Conversely, decentralized exchanges don’t need to worry about custody because they never hold the crypto being traded. Instead, they facilitate peer-to-peer connections between buyers and sellers that are governed by smart contracts or other transparent rules.
They Represent a Smaller Target for Hackers
From Mt. Gox to Bitfinex, centralized exchanges have been subject to numerous hacks and outright theft. In part that’s because they represent large targets, with tempting “honeypots” of cryptocurrency representing the collective holdings of their users. With decentralized trading, there are fewer large targets to tempt hackers, and users who don’t unwittingly give up their private keys may be less likely to lose their holdings.
They Provide New Levels of Privacy and Openness
Decentralized exchanges would allow greater privacy for transactions. The peer-to-peer nature of these trades would also allow traders to bypass know your customer (KYC) and anti-money laundering (AML) regulations and trade across national boundaries, which centralized exchanges can’t do.
“Unlocking the ability to transact globally, through a decentralized exchange, will affect society in profound ways,” wrote Michael Oved, cofounder of AirSwap, a decentralized trading network. “In the end the borders that blockchain break down will be greater than the borders we saw the internet break down.”
They Don’t Provide Good On-Ramps to the Crypto Space
Decentralized exchanges lack one key feature of their centralized counterparts: the ability to transfer fiat currency from traditional banking accounts for use in buying or selling cryptocurrencies. Stablecoins may represent one way to shift cryptocurrency in and out of fiat-compatible assets, but peer-to-peer exchanges are unlikely to be able to interface with centralized banks and financial institutions.
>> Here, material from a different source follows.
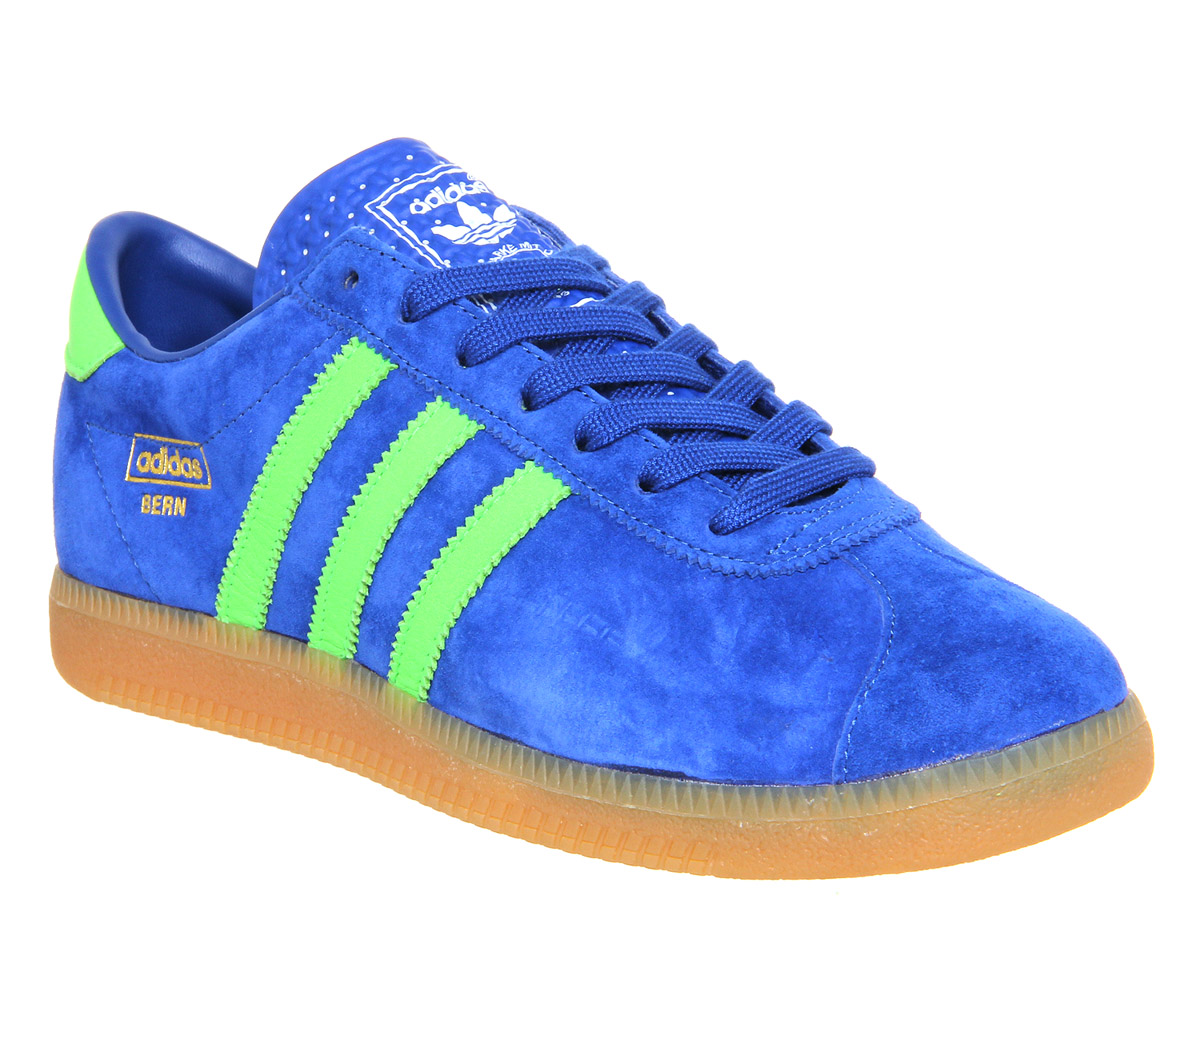 adidas Bern Blue Green - His trainers

Many of Today’s Decentralized Exchanges Are Actually Hybrids
A dirty secret about many present-day “decentralized” exchanges is that while they allow their users to maintain ownership of their private keys, they still rely on centralized trading systems or order books to facilitate trades.
They’re Only as Good as Their Host Blockchain
As decentralized apps, peer-to-peer exchanges face the same limitations as their parent blockchains, including slow transaction times and variable transaction fees. Exchanges involving cryptocurrencies that reside on different blockchains, such as ether and bitcoin (BTC), would face the same challenges as other efforts to facilitate transactions across different blockchains.
Liquidity May Be a Problem
Liquidity, or the lack thereof, is a common criticism of today’s fragmented centralized exchanges. But when fewer than 200 exchanges have contributed to a fragmented marketplace, imagine what liquidity looks like with thousands or more decentralized trading networks. “In short, you need liquidity to get adoption, yet in order to attract traders, liquidity must be [available],” wrote Adrian Barwicki of Alphateam Hackers GmbH.
At the same time, backers are confident these issues will be addressed in time. “Decentralized exchanges will succeed … when there is liquidity and usability, both of which do not exist yet on any solution,” Oved said.